**Data extract:**
________________

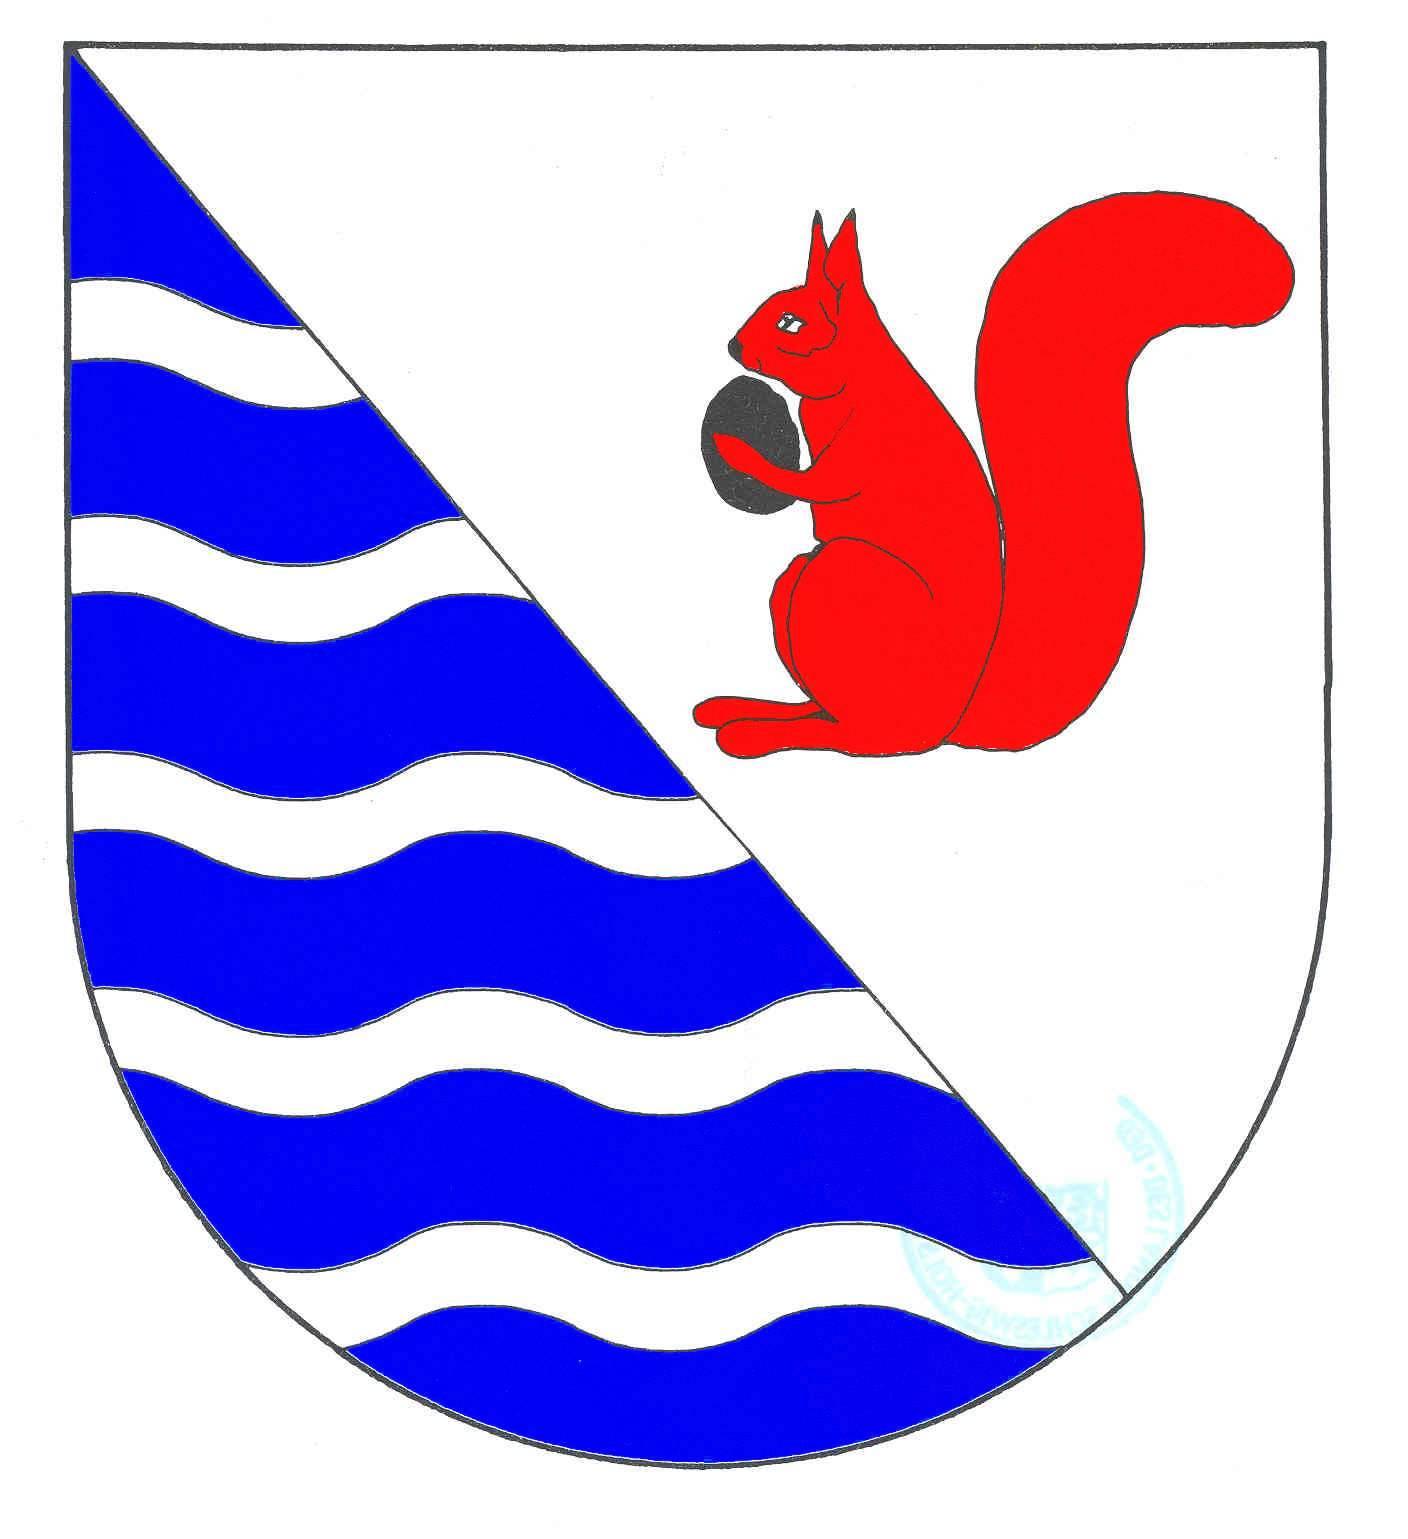 Wappen GemeindeWestensee, Kreis Rendsburg-Eckernförde
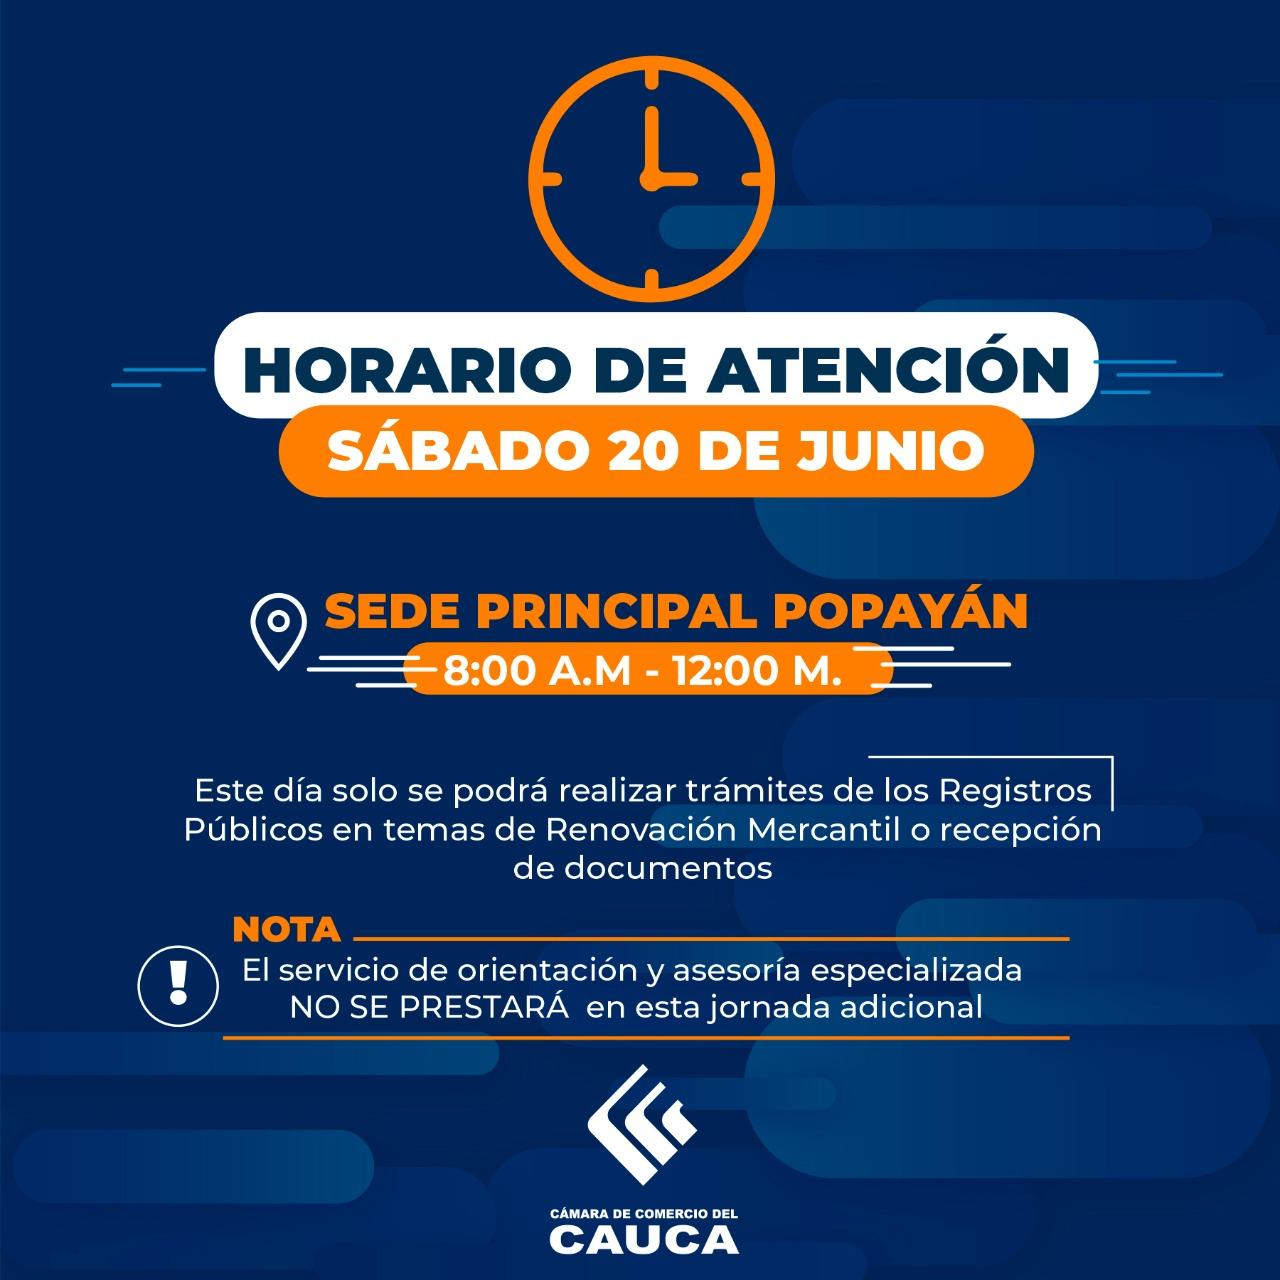 Aviso Importante | Horarios de Atención sábado 20 de junio de 2020
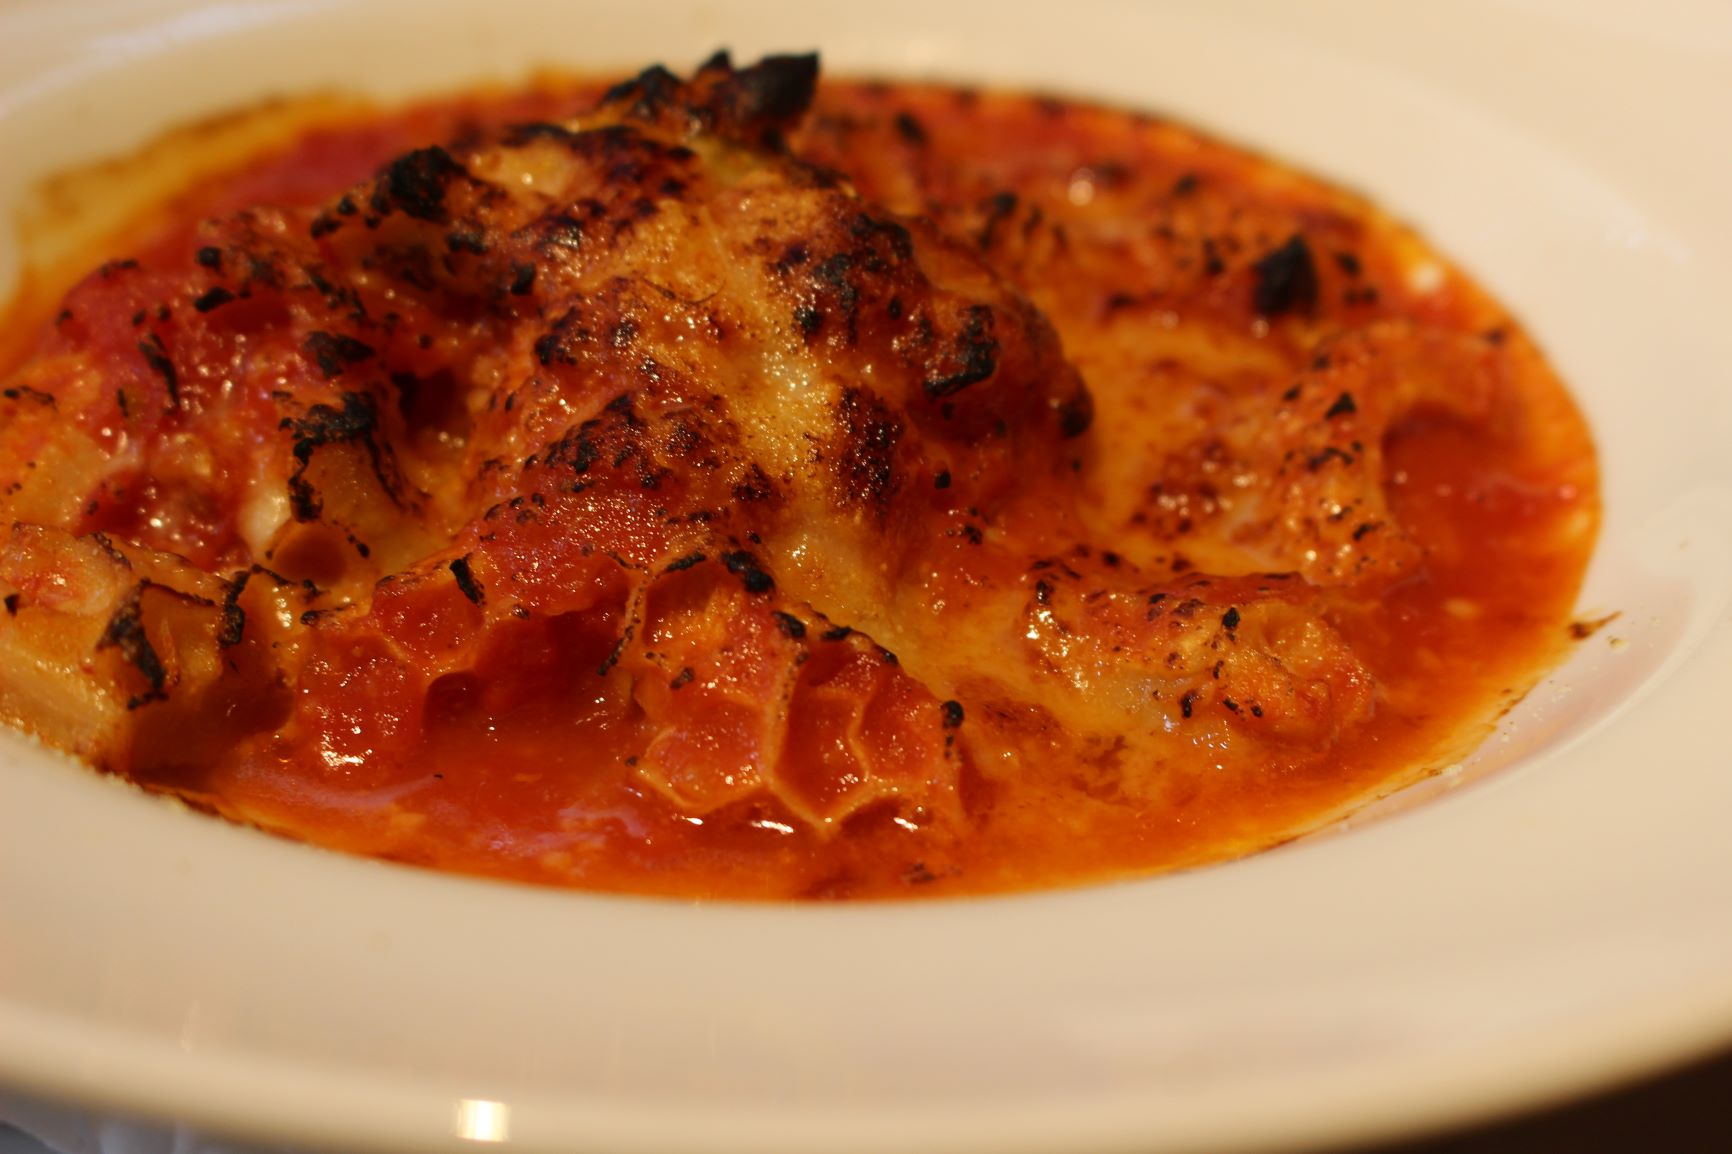 ローマ風トリッパのトマト煮込みもカルボナーラに次ぐ名物
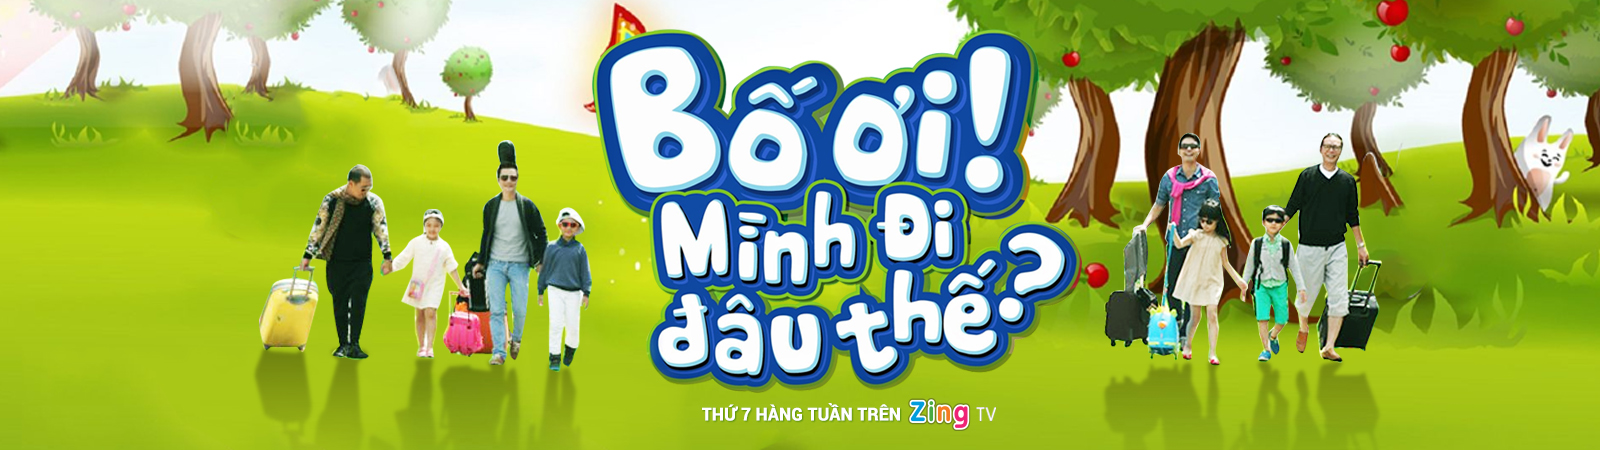 Tập 7 - Bố Ơi, Mình Đi Đâu Thế Việt Nam

________________

**Work instruction:** Transcribe the material above in full. No picture is to be copied.

**Answer area:**
 Wappen GemeindeWestensee, Kreis Rendsburg-Eckernförde
 Aviso Importante | Horarios de Atención sábado 20 de junio de 2020
 ローマ風トリッパのトマト煮込みもカルボナーラに次ぐ名物
 Tập 7 - Bố Ơi, Mình Đi Đâu Thế Việt Nam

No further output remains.